Zenta recently announced it is offering a "broad range" of default management services to enhance the operational effectiveness of servicers and attorney firms representing the residential mortgage default industry.
Zenta reported its services, which benefit from its global outsourcing capabilities using U.S.-based residential default experts, can help in early and late-stage collections, assistance and recommendations for loss mitigation options, managing foreclosure files from referral to sale of property, claim filing and analysis for investors and mortgage insurers, and default mortgage servicing consulting and training, among other things.
In an announcement touting its loss mitigation services, I Short Sale Inc. said there are cases in which loss mitigation specialists spend close to two hours on the phone just to pinpoint the right representative to speak with at a company.
"Trying to find a responsive individual with actual decision making authority in the banks has become increasingly difficult since the subprime debacle," I Short Sale said in the announcement. "Banks must act quickly to improve efficiencies; there needs to be set procedures within a single department handling the loss mitigation of delinquent borrowers."
While some lenders have slowly adapted to today's market by establishing infrastructures and making changes to handle loss mitigation, many still don't have the capabilities to handle the influx of delinquent borrowers, I Short Sale said, pinpointing that specialists have cited Wells Fargo Bank and American Servicing Co. as notorious for being the least receptive and having the most "lost faxes and paperwork."
On Thursday, the Association for Community Organization for Reform Now and foreclosure victims rallied at the offices of hedge fund Carrington Capital Management. The consumer advocacy group said it targeted Carrington because, unlike other servicers, they are refusing to even consider making loan modifications and are only offering payment plans.
The hedge fund launched in 2003 with $25 million from New Century Finance, ACORN noted. It sponsors over $23 billion in MBS and its recent purchase of New Century's loan servicing operation has put over 100,000 mortgages under its management.
An entity recently honored for its superior performance in foreclosure and bankruptcy, however, is Hughes Watters Askanase L.L.P. The Houston, Texas, company was one of six law firms that received a 2006-2007 Summit Award from Fidelity National Foreclosure Solutions, which recognized firms who maintained a "Comparable to Best in State" rating in foreclosure and bankruptcy for 12 consecutive months.
Meanwhile, recent inquiries to the Nebraska Department of Banking and Finance prompted the agency to warn borrowers of companies offering foreclosure rescue services.

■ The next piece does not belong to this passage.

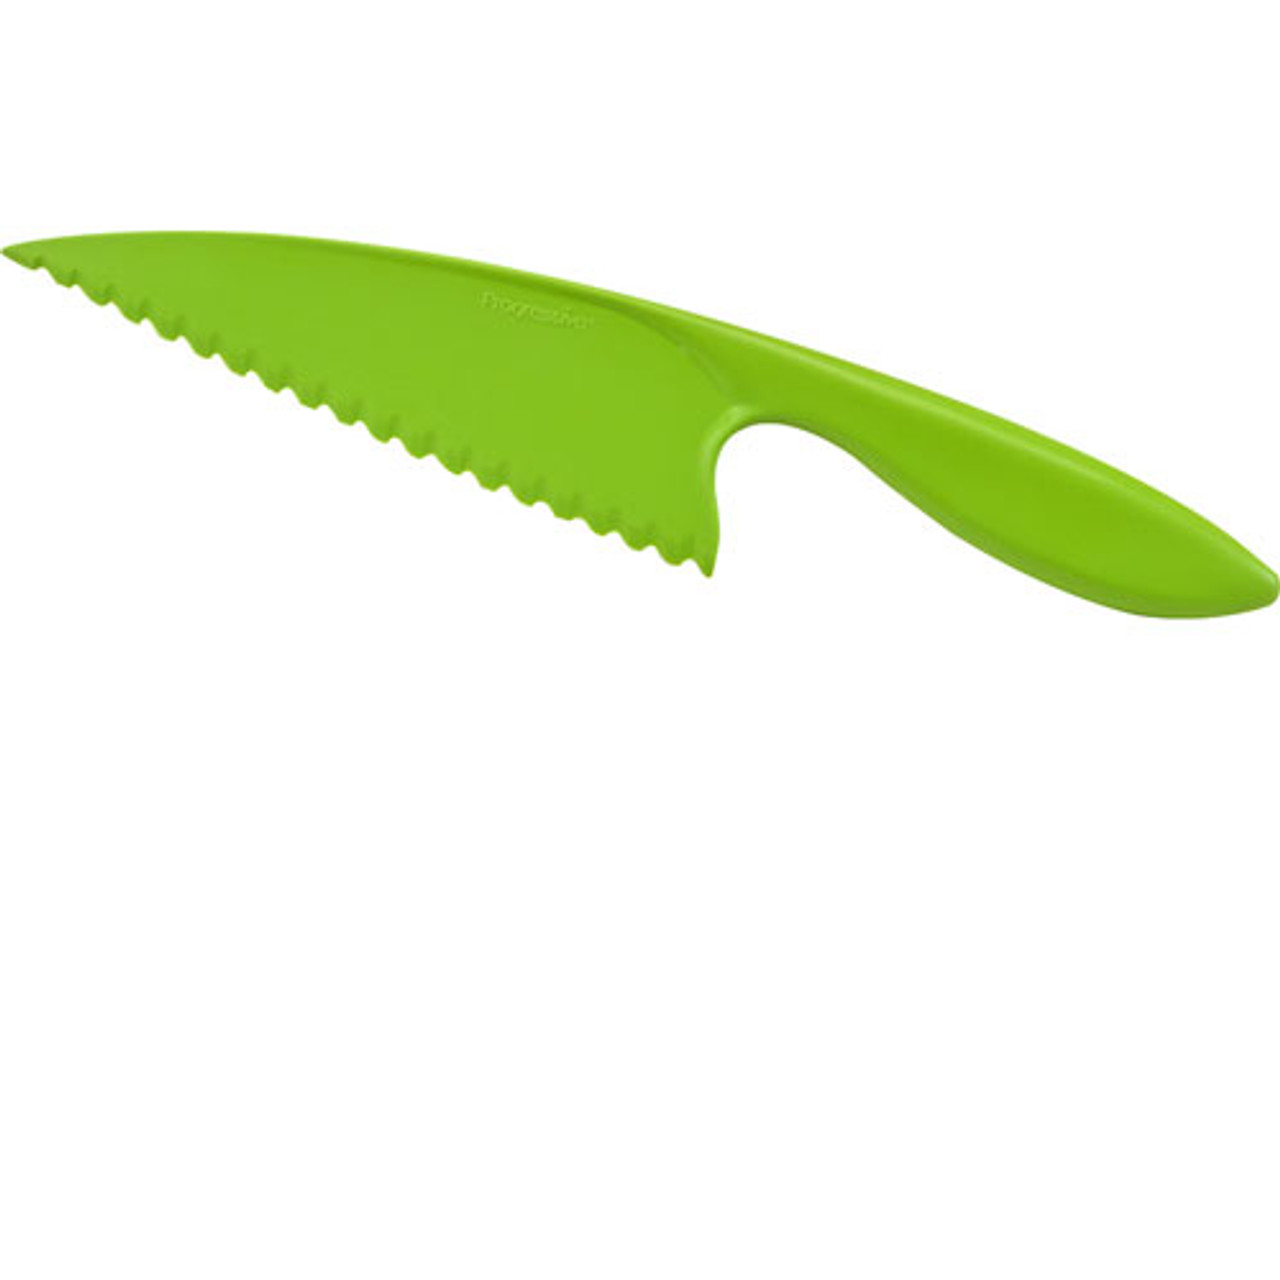 Knife-Green Plastic (Cut Sandwiches) - Replacement Part For San Jamar SJLK200W

Many scams involve the rescuer taking ownership of a borrower's property after falsely promising to help save their homes through an arrangement in which borrowers lease and buy back the home at a later date, according to a news release.

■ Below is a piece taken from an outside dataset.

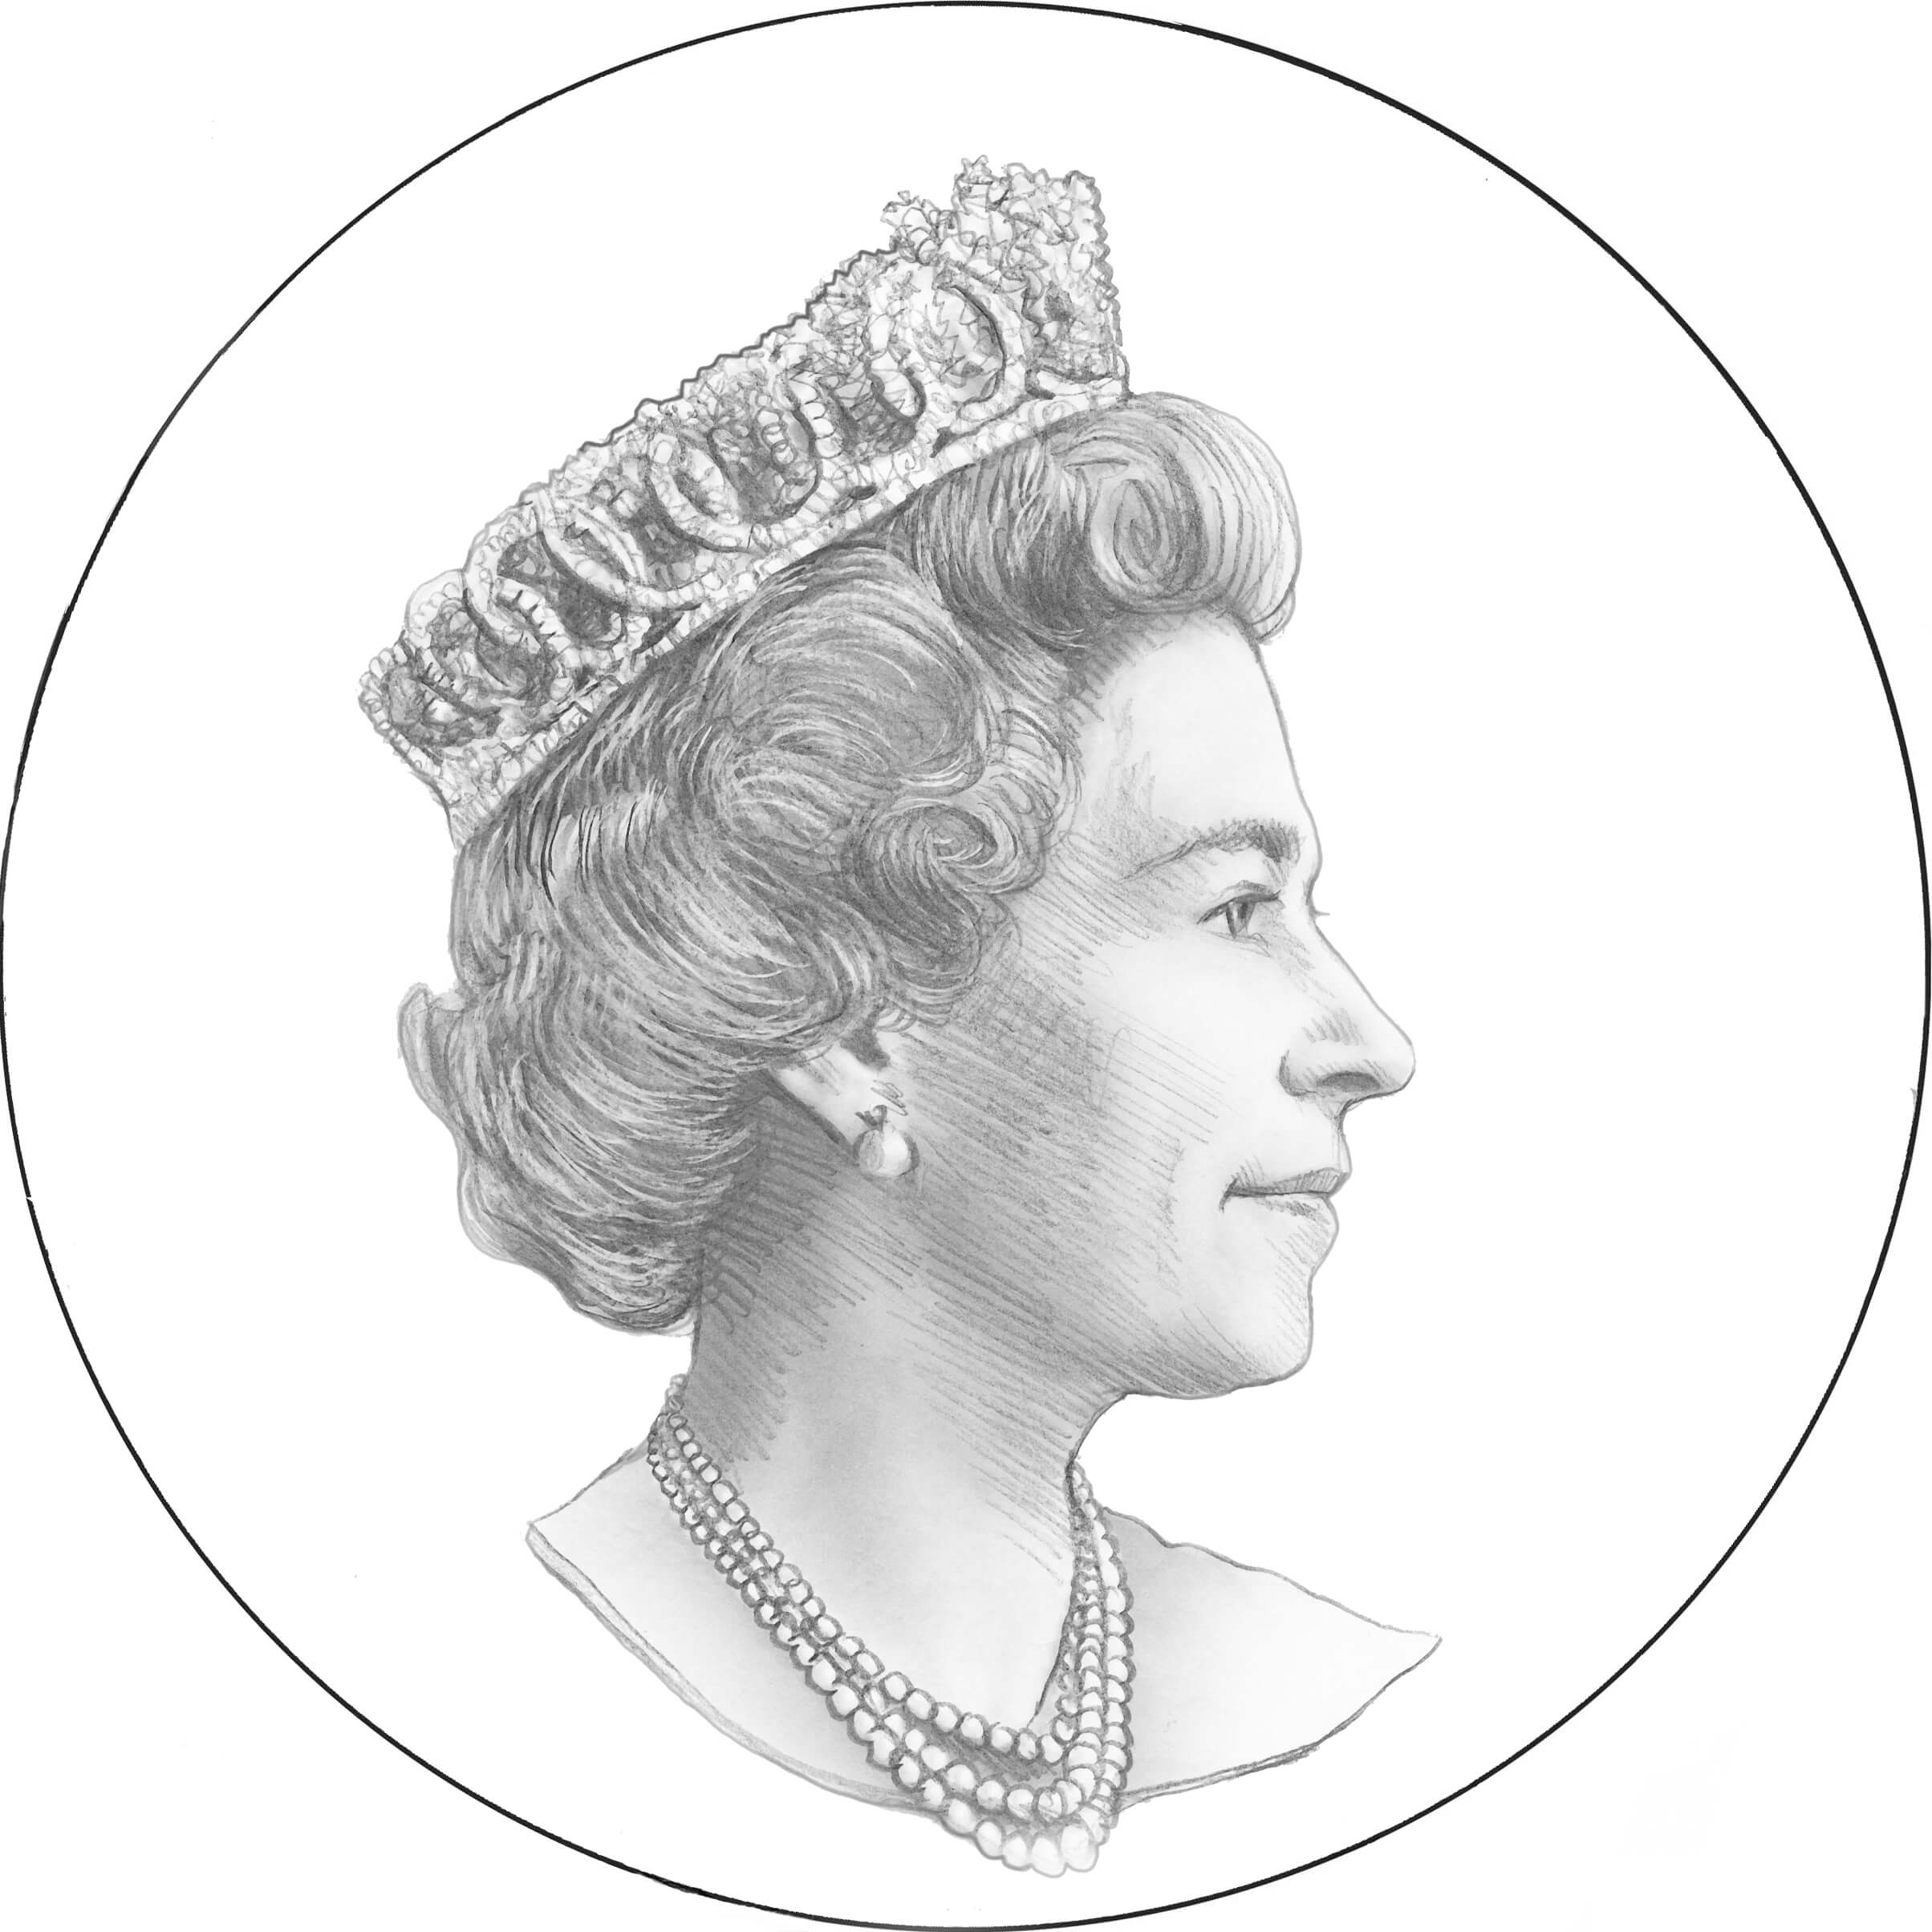 QEII 70s  - The world's longest reigning living monarch — celebrating Queen Elizabeth II's birthday

The department advised borrowers to talk to licensed professionals, including lawyers, prior to signing any agreement and to steer clear from the rescuer if the terms sound to good to be true.
Over in Michigan, which holds one of the highest foreclosure rates in the country, State House Democrats recently announced a bill intended to strengthen consumer protections and crack down on predatory practices that "line mortgage lenders" pockets and lead to foreclosures with no tangible benefits to homeowners."

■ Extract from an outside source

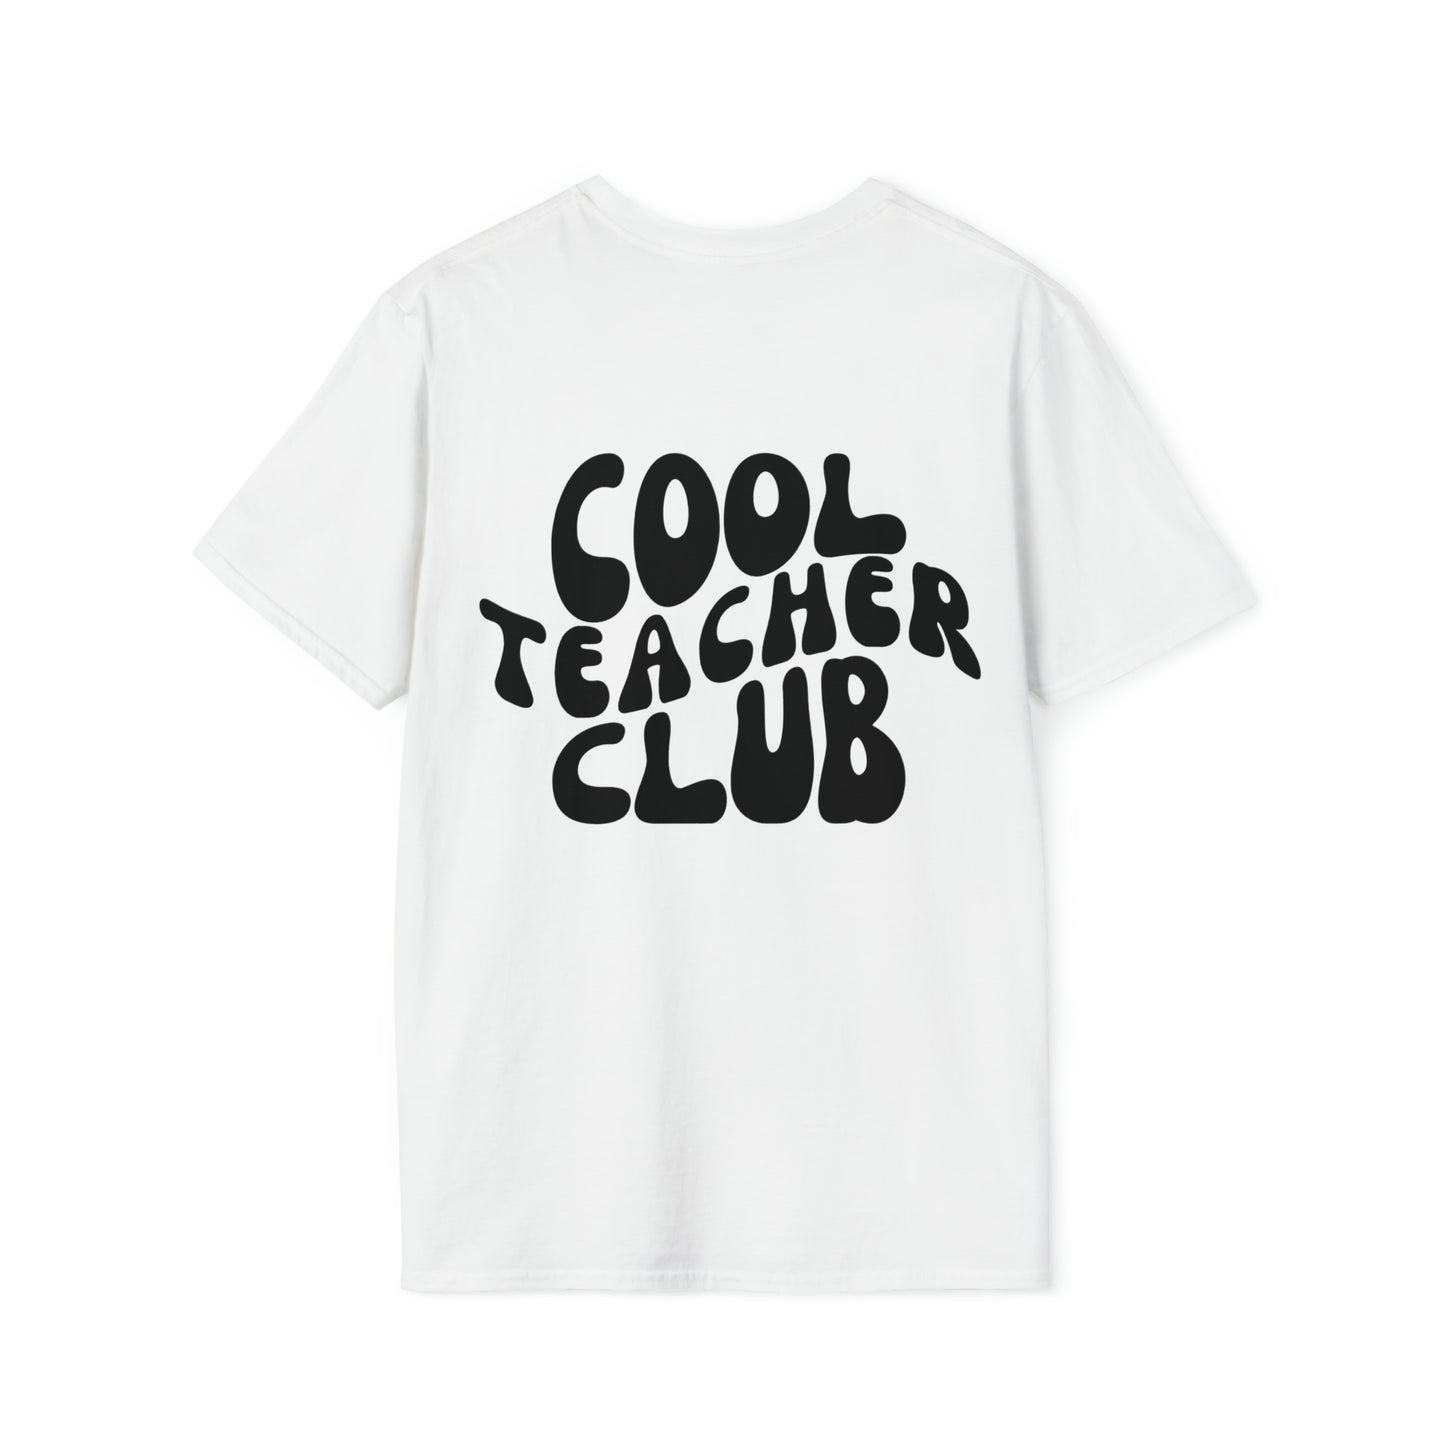 Cool Teacher Club - Adult T-Shirt

The Michigan Home Loan Protection Act, as it is dubbed, would ban lenders from making loans without requiring borrowers prove their ability to repay them. Among other things, it would also limit the size of fees charged for late payments and payoff statements, prohibit the financing of any hidden points and fees, prohibit prepayment penalties and require vulnerable borrowers to receive counseling from a certified third-party, according to the announcement.